Fini le temps du bonjour compassé du directeur à son subalterne. Toujours
cool, le «n+1» tend patte blanche à son salarié sur le mode
l’entreprise-est-à-nous-tous-et-ton-avis-nous-intéresse. En réalité, ce
mélange des genres fragilise les gens. Sous son blanc manteau,
l’orientation humanisante est dangereuse ; si l’affaire tourne mal, ce
n’est plus un professionnel qui sera jugé par ses chefs mais la personne
toute entière, livrée à une évaluation critique parfois fatale. Or
rappelle la chercheuse, «
chaque personne au travail a ses propres
intérêts sur lesquels elle doit veiller, intérêts financiers mais aussi
de gestion de sa santé, à savoir s’économiser physiquement et
psychiquement pour ne pas s’épuiser au travail et pouvoir durer.»
Accélération du temps
Toutes ces observations, Danièle
Linhart les a exposées plus d’une fois, parfois à ses risques et
périls.
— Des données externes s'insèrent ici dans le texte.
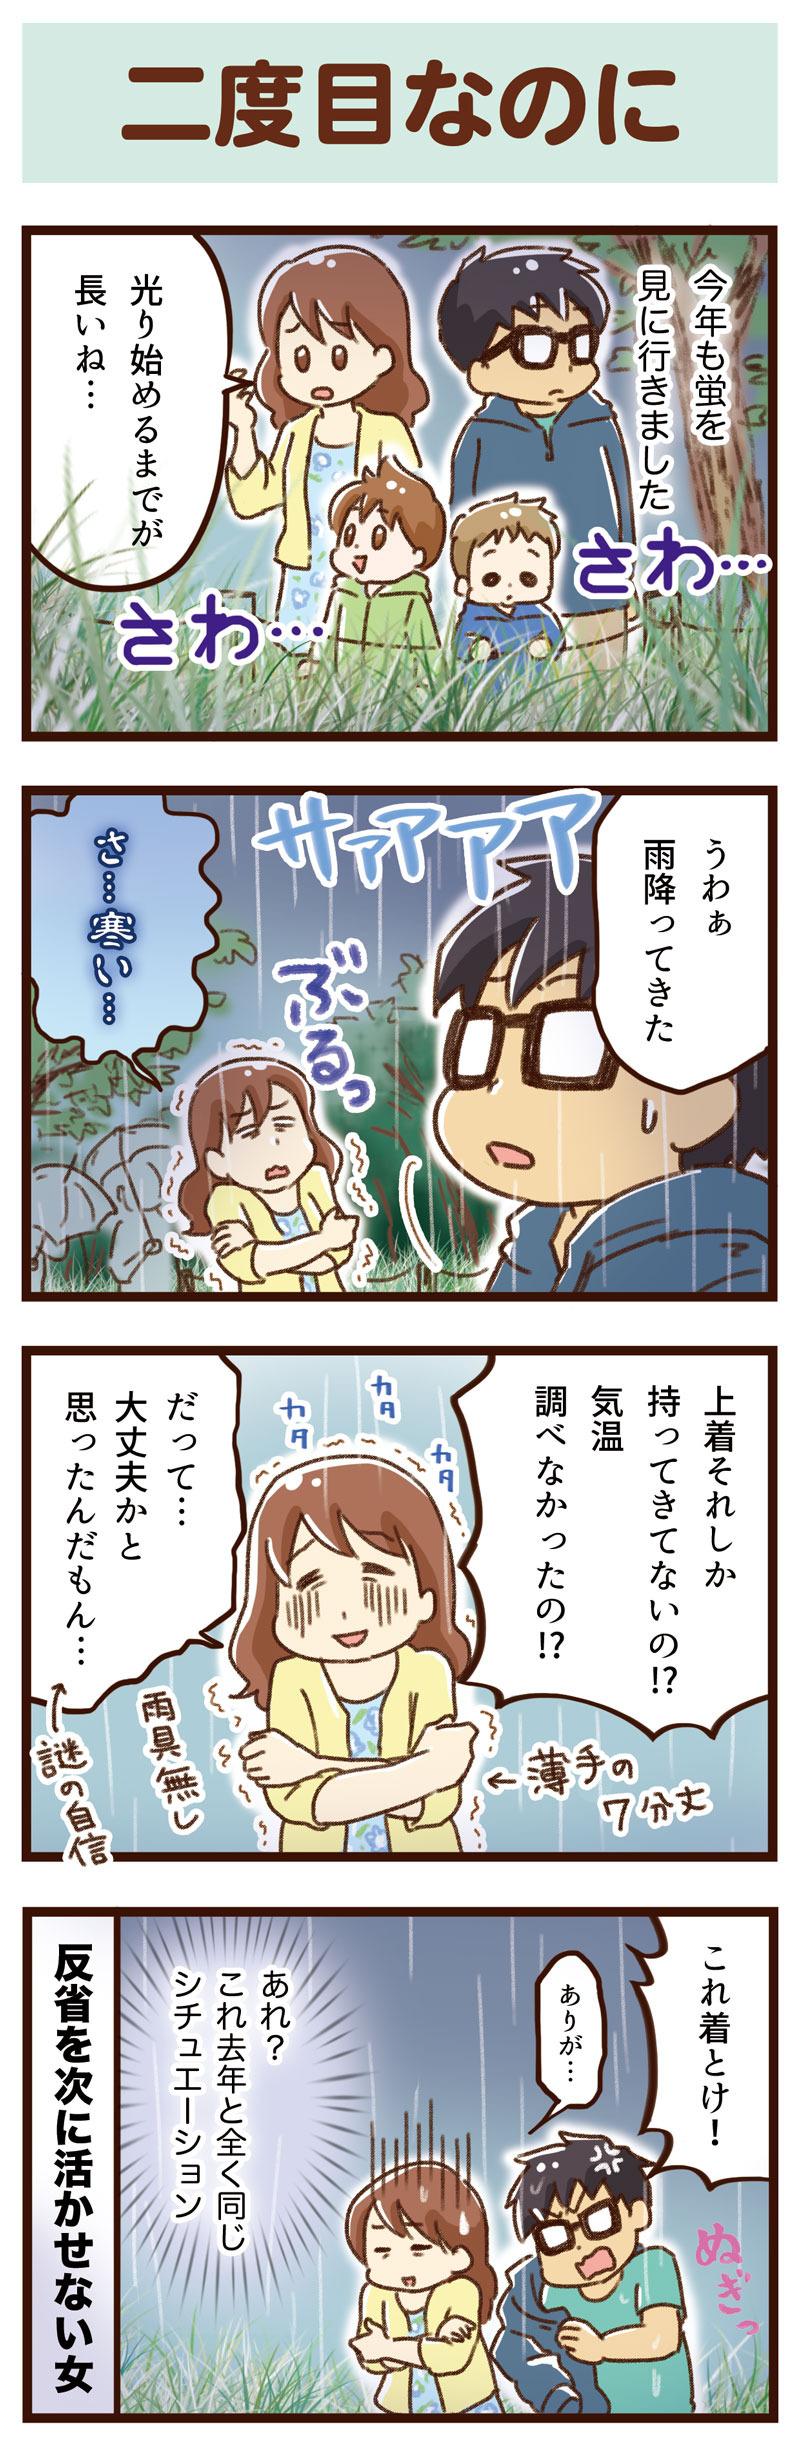 yumui306-1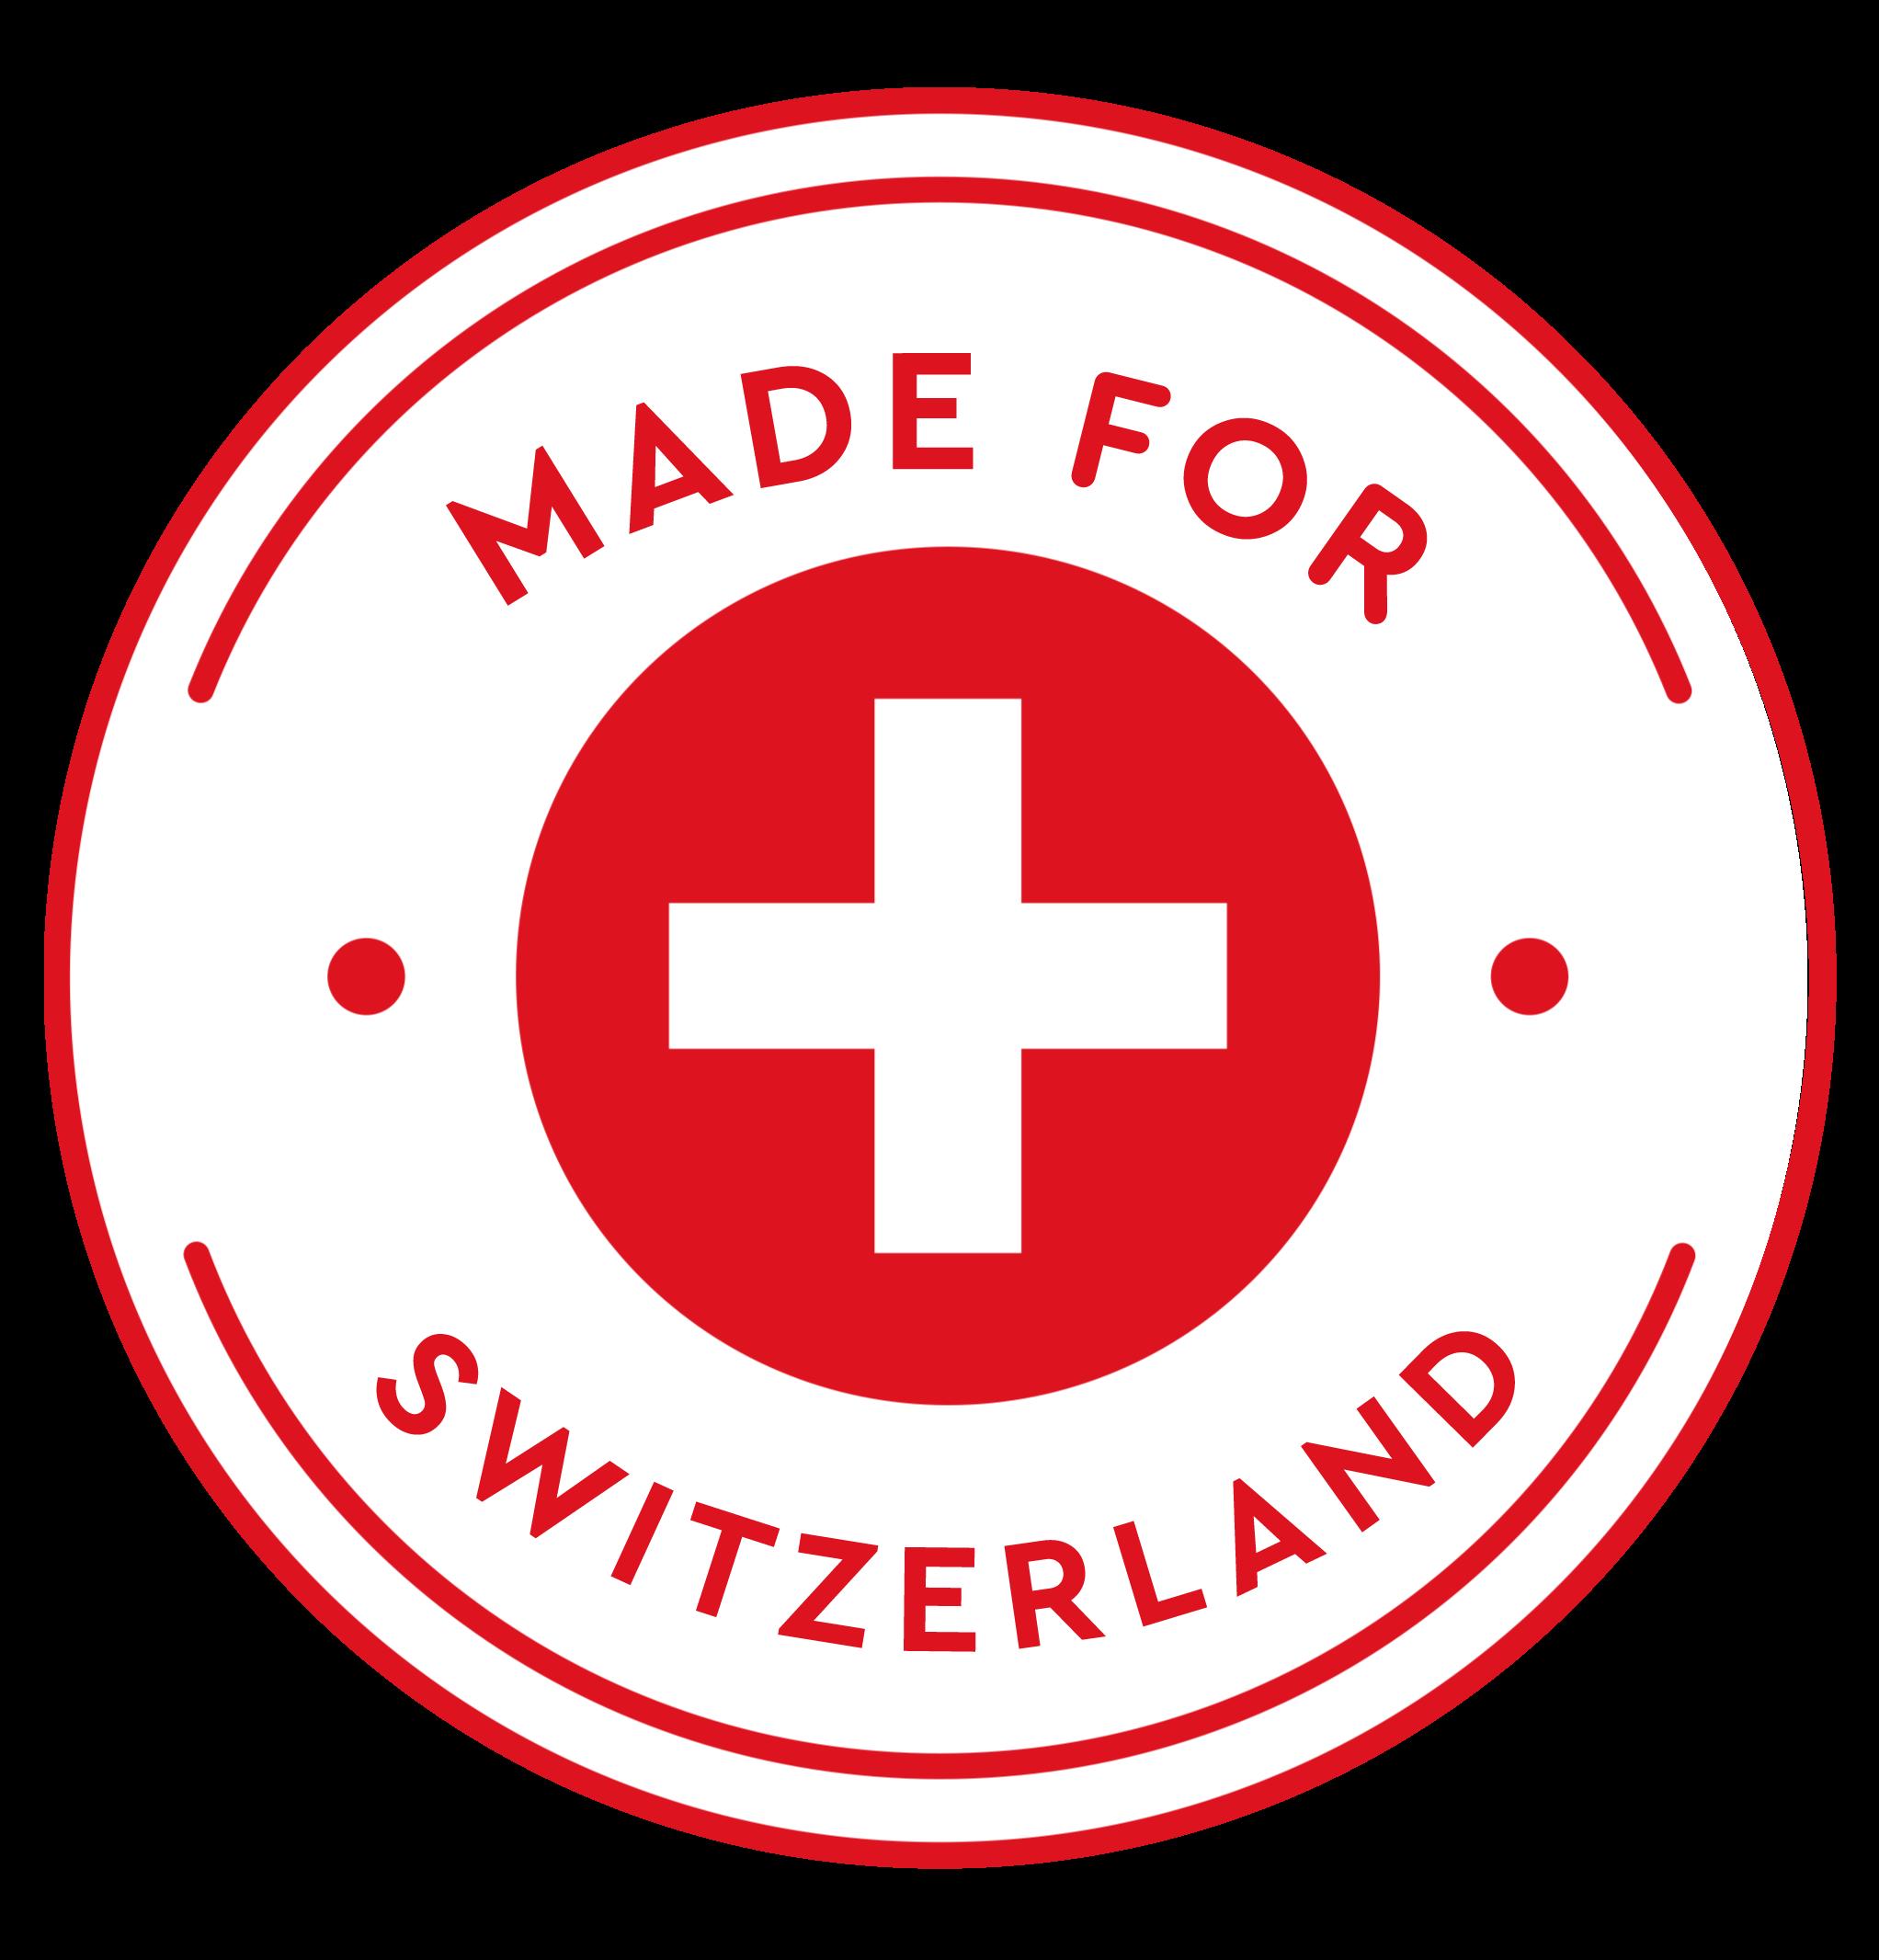 madeforswitzerland

Elle se souvient d’un symposium, il y a quelques années,
réunissant deux cents responsables du service public et d’entreprises
privées dans un pavillon chic, non loin des Champs Elysées. Un thème, ce
jour-là: le pacte de confiance. Pacte entre le client et son vendeur,
pacte entre le client et son prestataire mais pacte surtout entre le
salarié et sa hiérarchie. La chercheuse avait pris place sur la tribune
entre deux gradés, succédant à un représentant d’Orange venu disserter
sur la nécessité de «
réhumaniser le travail». Parler davantage
avec le personnel, être plus proche, appeler les gens par leur prénom,
ne pas oublier de serrer la main – c’était à l’époque des suicidés en
série.
Danièle Lihnart avait protesté contre cette comédie. Sans
être hostile, bien sûr, à une certaine chaleur autour de la Nespresso
(qui le serait ?), elle est soucieuse de rappeler que c’est sa
professionnalité, justement, que le salarié veut voir respecter,
laquelle constitue sa force et lui donne sa légitimité. Bien plus que sa
dimension d’être humain, qui n’est pas remise en cause. (D’ailleurs,
pourquoi le serait-elle ?)
Ce jour-là, des ricanements se sont
fait entendre dans l’assistance. Du parterre de DRH se sont élevées des
voix pour dire que oui, on assume parfaitement
d‘attendre du recruté un maximum d’implication, qu’un employé qui n’est
pas prêt à faire allégeance n’a pas sa place dans l’entreprise. Danièle
Linhart est apparue comme une sociologue marxisante au discours
ringard. Souvenir vertigineux pour elle, ce jour-là prise
d’un mal qu’elle s’évertue à décrire: le syndrome du has been. Le
sentiment d’être dépassé fait des ravages en entreprise et ce n’est pas
non plus fortuit:
Cet argument de l’accélération infinie du temps
devient une arme de guerre. Non seulement, il conduit à déstabiliser
sans cesse les salariés, à brouiller leurs repères et à défaire leurs
ancrages, mais il désamorce toute tentative d’analyse critique.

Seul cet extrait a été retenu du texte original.